His explantion follows. While he provided tables for all the different post heights in the test, I was unable to align the data in a readable form in blogger, so I've reduced the data to the values for the highest and lowest post.
Converting Peter Van Dorns bowling-ball data to Joules of Energy
Peter has provided us with 3 pieces of data: Weight of a ball, distance the ball drops and how far the ball travels before it lands. This is a classic high school physics problem.

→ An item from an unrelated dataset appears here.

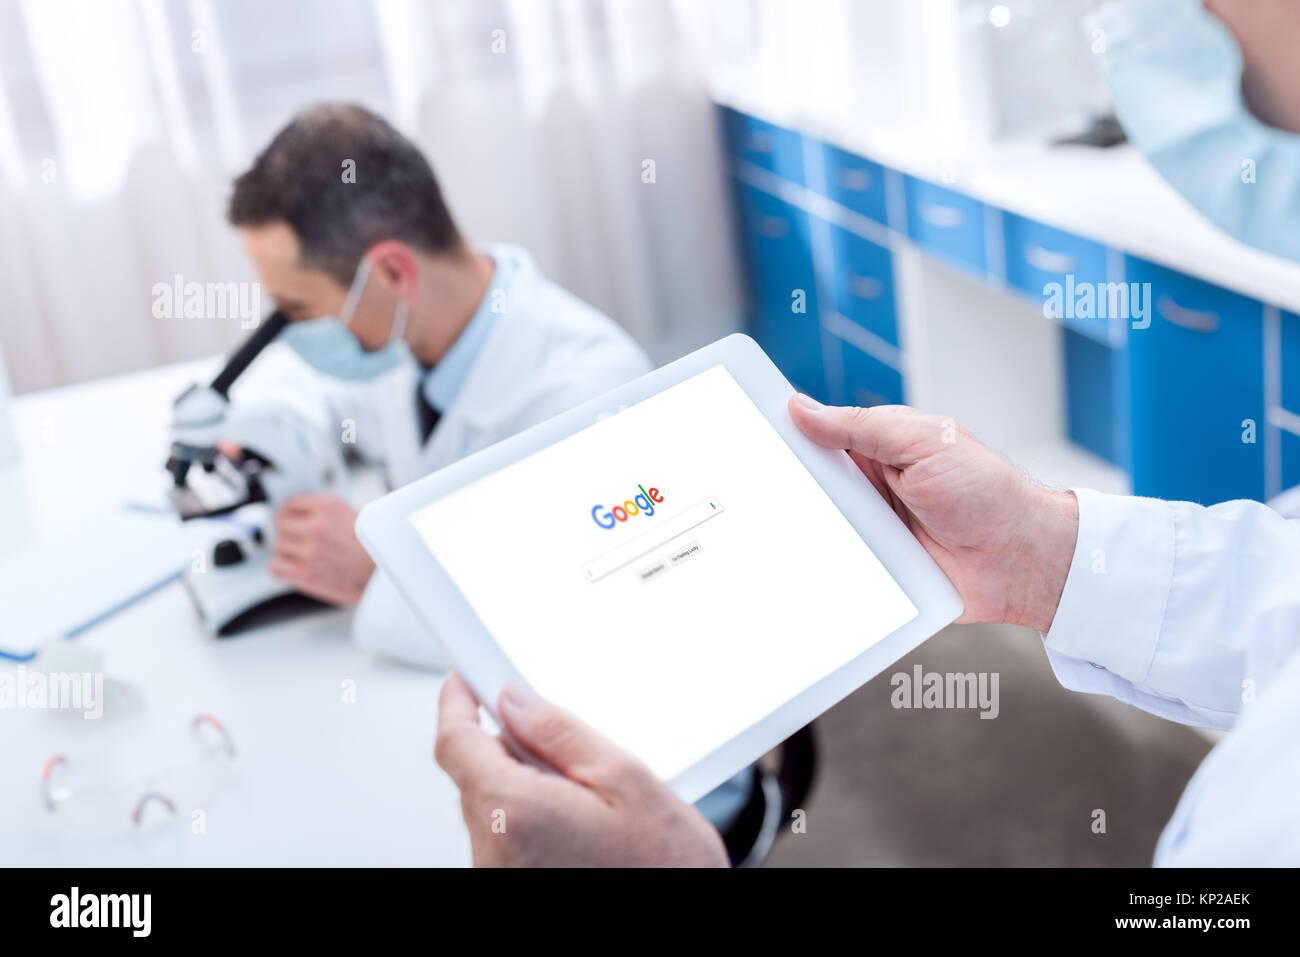 Scientist holding digital tablet - Stock Image

Step 1: Acceleration due to gravity, at the surface of the earth, will be a uniform 32ft/sec^2. (neglecting wind resistance, centripetal force from spin of the earth and the local gravitational effect of the balls mass) For the ball to fall a distance of H it will take a time T regardless of ball weight. H and T are related in the formula:
h = ½ * g * t^2
We can reorder this equation to get
t= (2 * h / g)^.5
(remember to convert h to feet first)
A spread sheet makes the following math easy:
h (in) 46- 58
t (s) 0.49-0.55
Step 2: We know how far a ball travels and how long it takes to get there. That means we can calculate ball velocity with the simple formula:
V = d / t
If we select one particular row to analyze: 12lbs, force Medium we get:
d (in) 38-42
t (s) 0.49-0.55
v (ft/sec) 6.47-6.37
Step 3: We can now calculate Joules of kinetic energy in the ball just after impact with the formula:
KE = ½ * m * v^2
We can also calculate ball momentum just after impact with the formula:
Momentum = m * v
But of course to keep doing this in Imperial units is a pain since we need to convert weight in pounds to mass in slugs and then re-convert slug-ft^2/sec^2 into Joules so first we will convert weight and distance to metric.
v (ft/sec) 6.47-6.37
v (m/sec) 1.97-1.94
Weight (lbs) 12
Mass (kg) 5.44
KE (kg-m^2/s^2)(J) 10.58-10.25
Mo (kg-m/s) 10.73-10.57
No both of these values seem rather consistent BUT for every different ball mass there is a different distance. If we look at the 8lb ball and the 16lb ball we will eventually get:
KE (J)=(kg*m^2/s^2) Medium
8lb 15.32-15.38
12lb 10.58-10.25
16lb 7.66-7.94
M (kg*m/s) Medium
8lb 10.55-10.57
12lb 10.73-10.57
16lb 10.55-10.73
And we can clearly see that kinetic energy of the lighter balls is higher then the heavier balls but the momentum of the various balls is NOT dependent upon weight.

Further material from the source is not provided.